Starting at the line that contains "Buy the D.A.T.E.", reproduce only the lines through the end of the data, exactly, including both the first and the last; skip the pictures.

- GIVEN INFORMATION
[Start of Attachment]

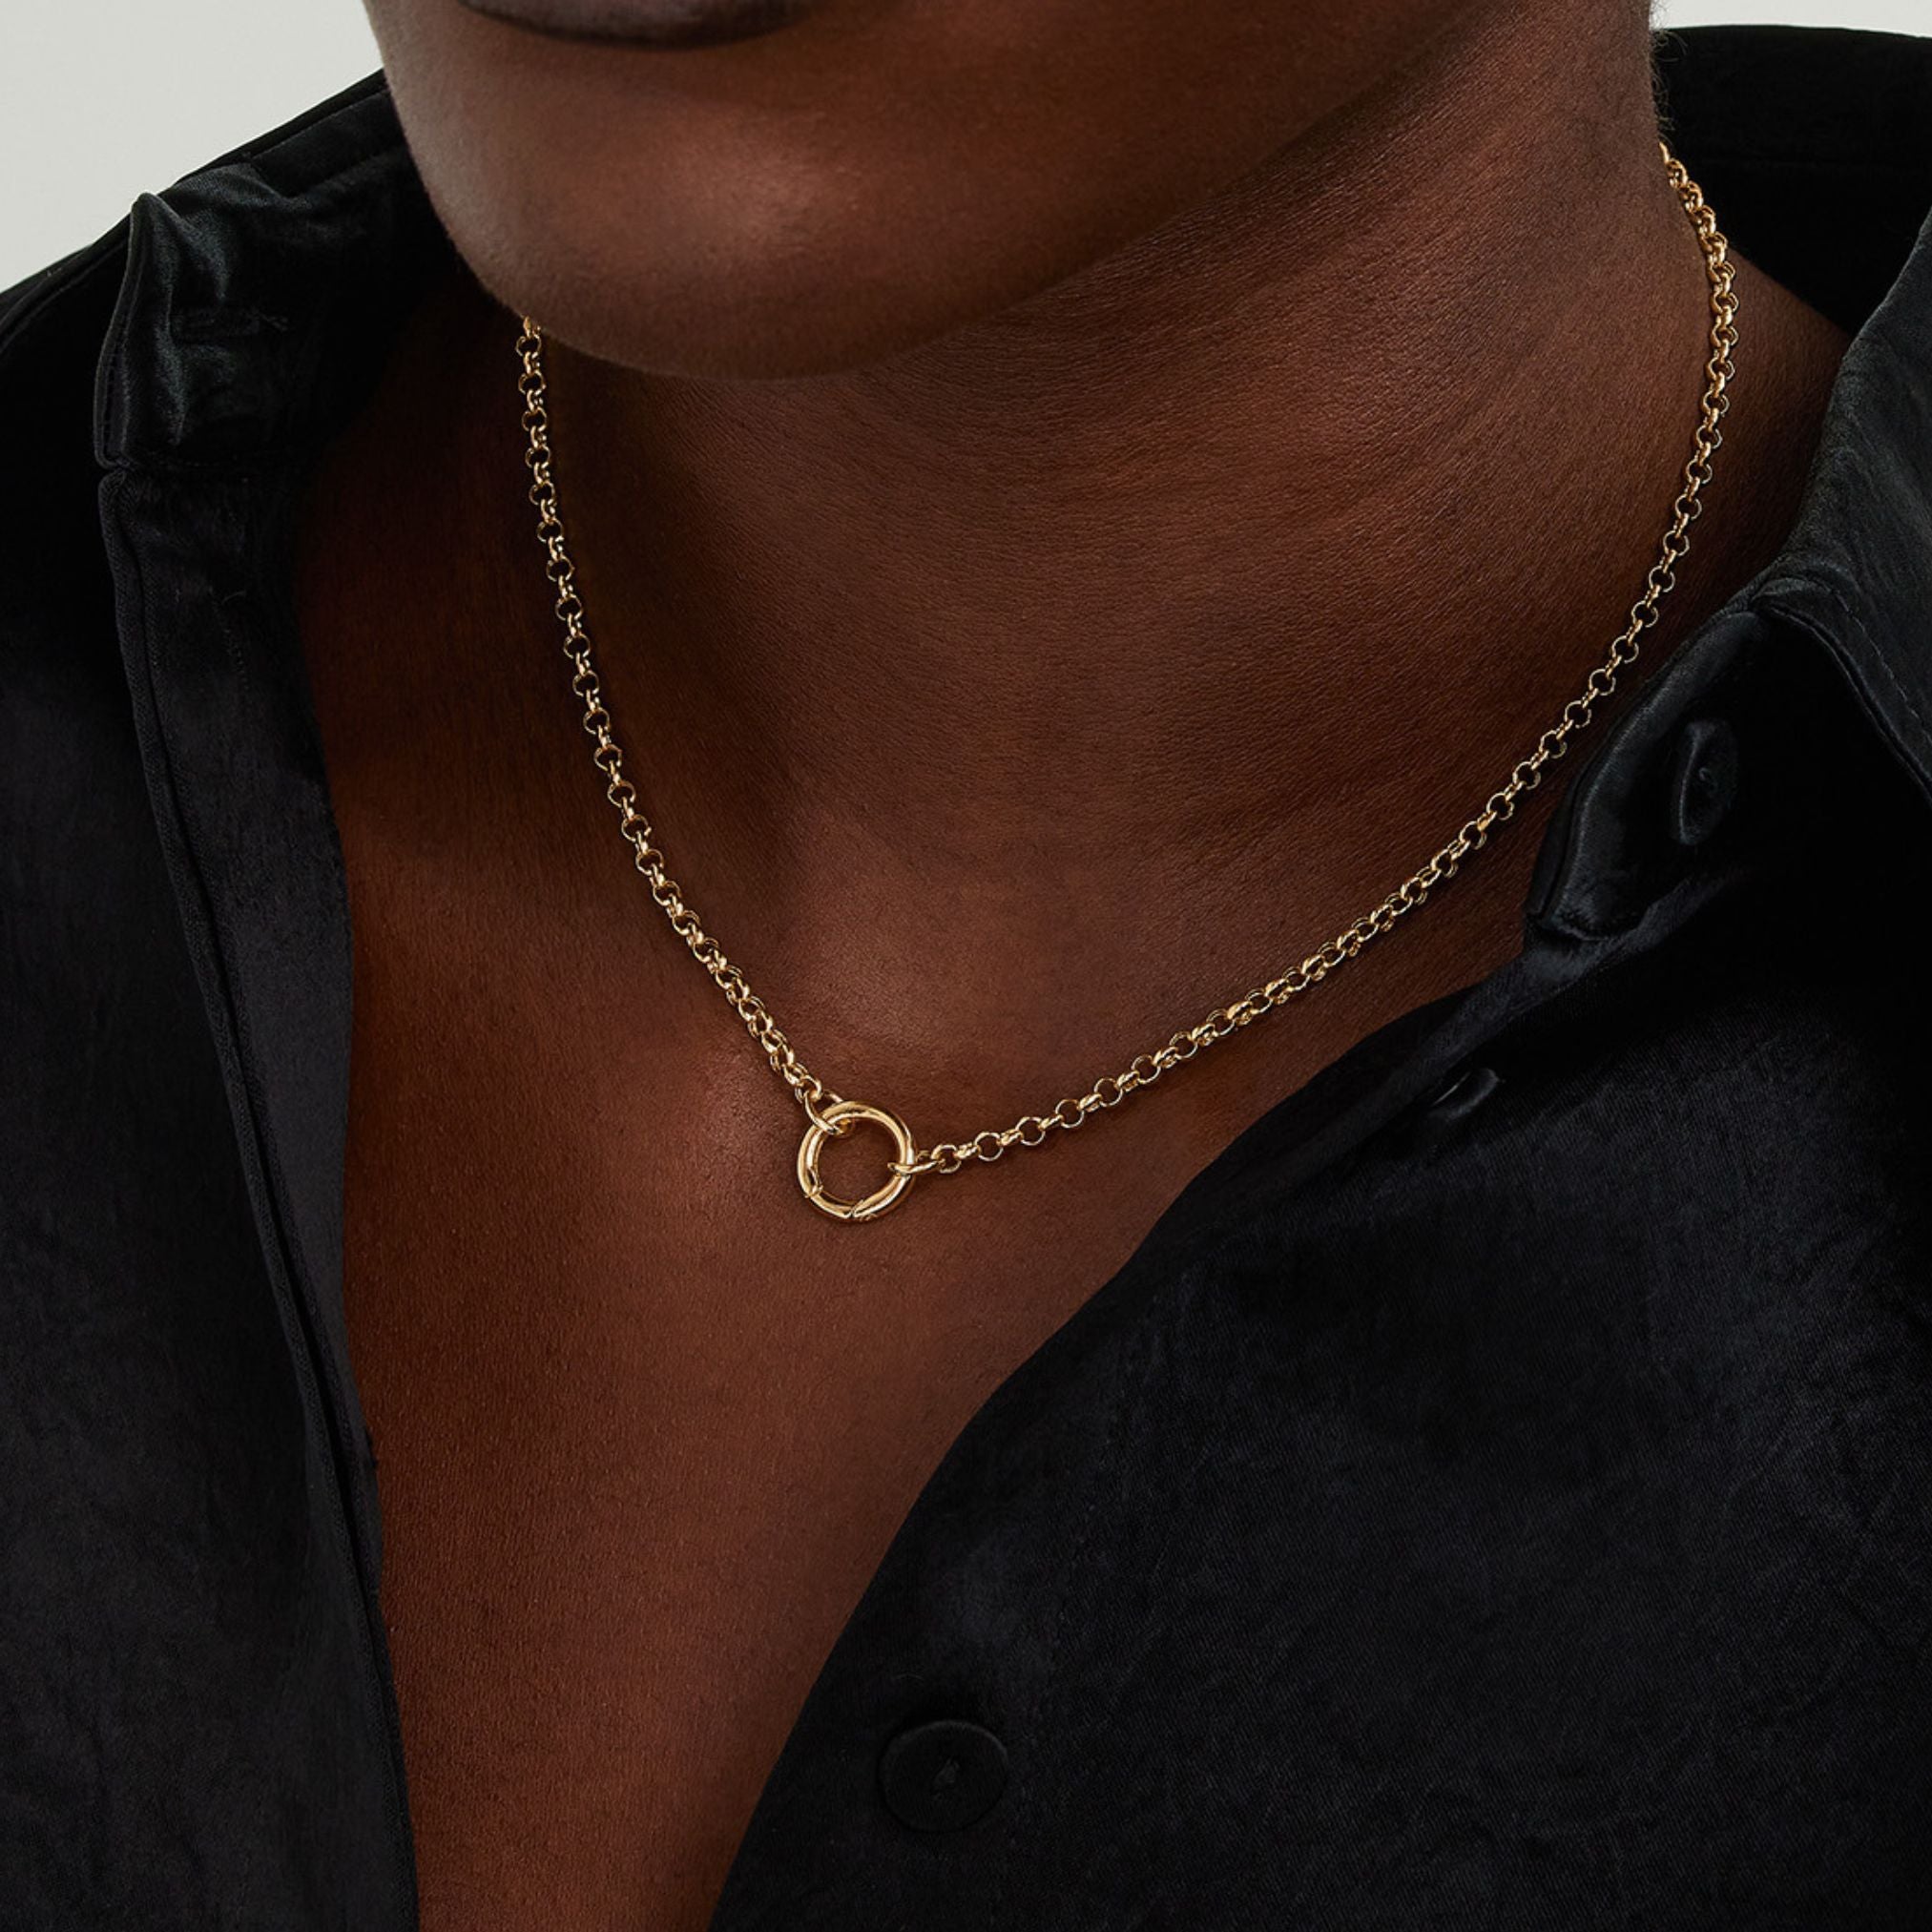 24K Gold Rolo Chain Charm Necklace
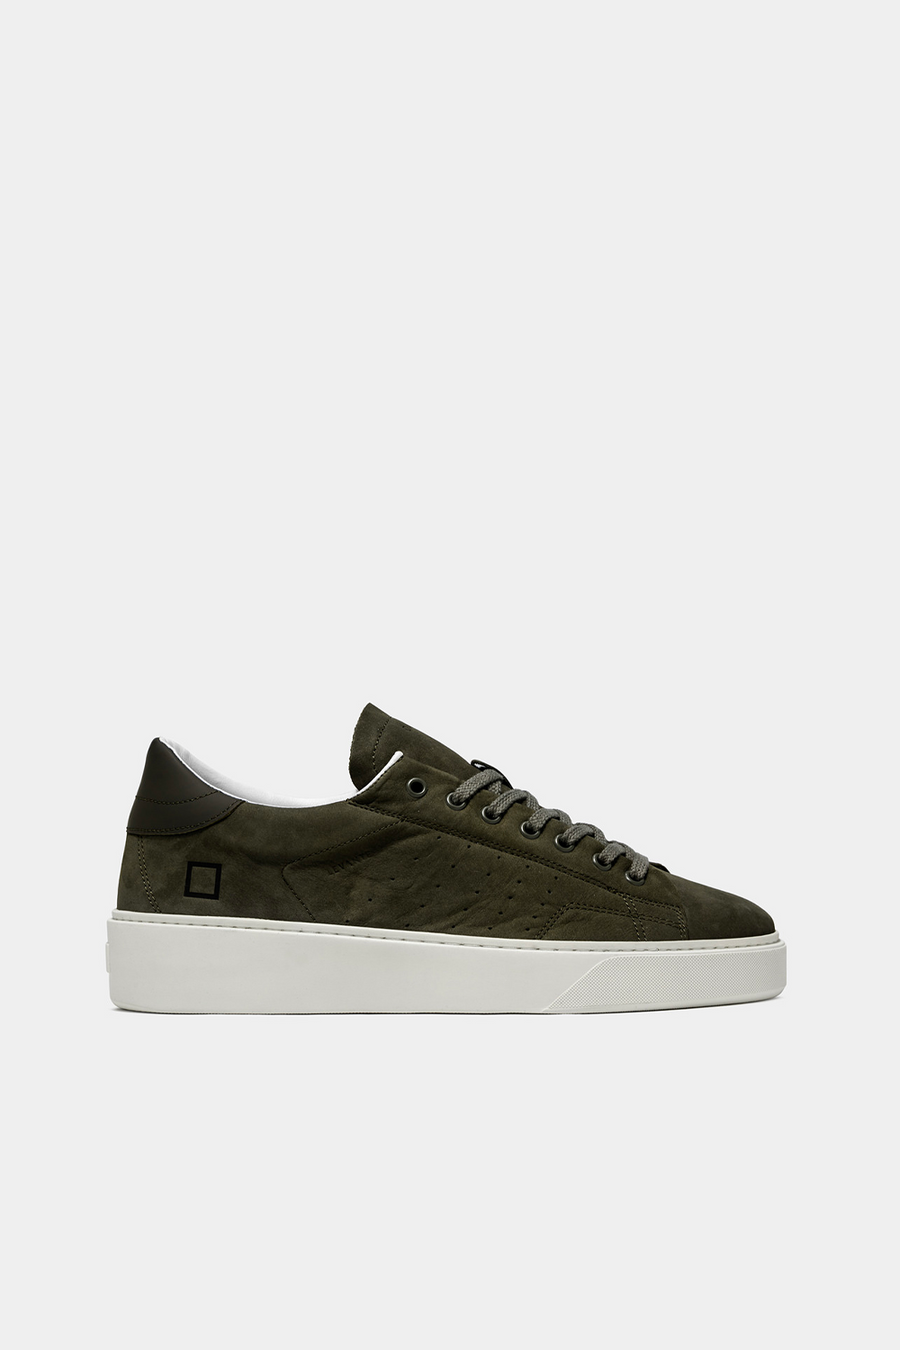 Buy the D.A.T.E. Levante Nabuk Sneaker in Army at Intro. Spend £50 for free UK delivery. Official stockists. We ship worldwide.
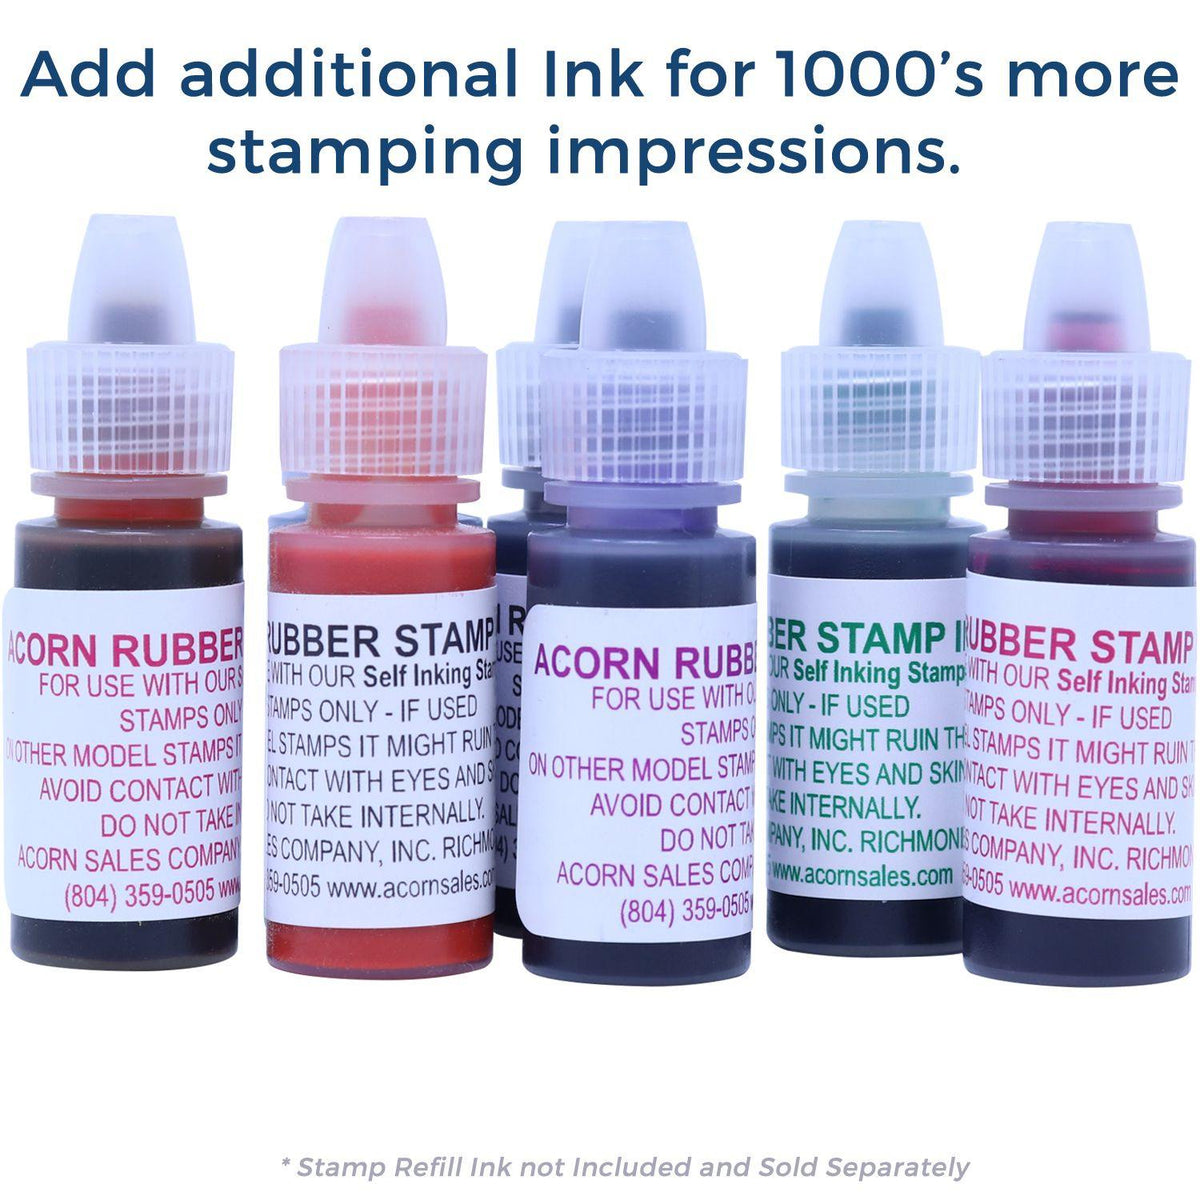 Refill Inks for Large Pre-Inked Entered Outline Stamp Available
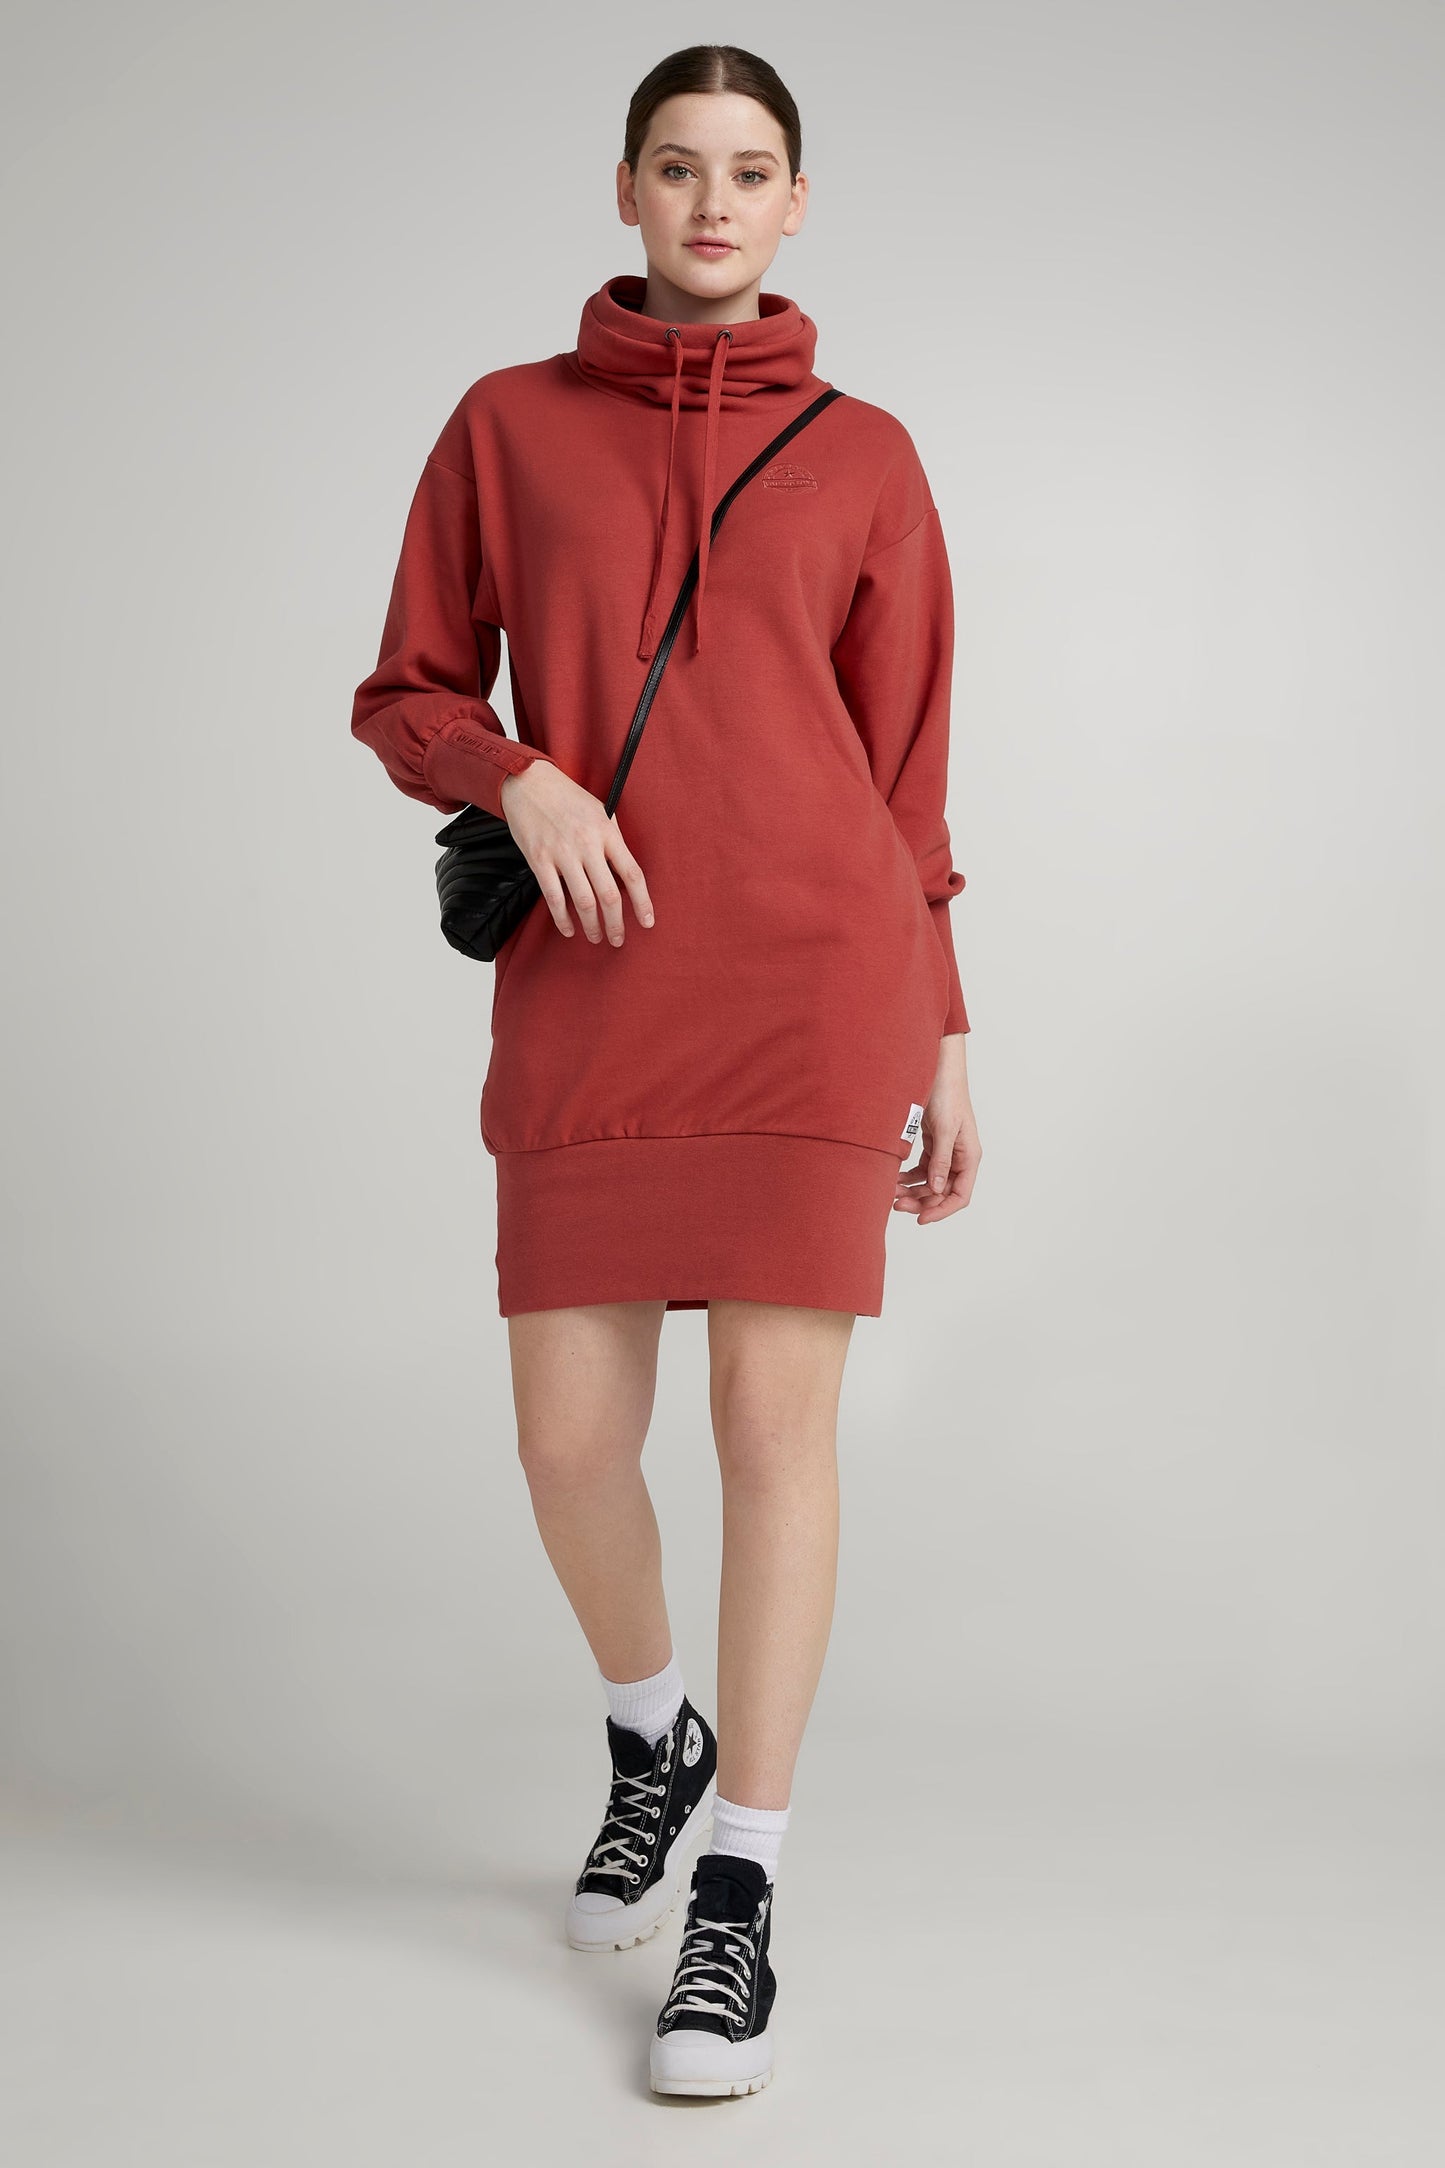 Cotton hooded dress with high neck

[End of Attachment]

- ANSWER BELOW
 Buy the D.A.T.E. Levante Nabuk Sneaker in Army at Intro. Spend £50 for free UK delivery. Official stockists. We ship worldwide.
 Refill Inks for Large Pre-Inked Entered Outline Stamp Available
 Cotton hooded dress with high neck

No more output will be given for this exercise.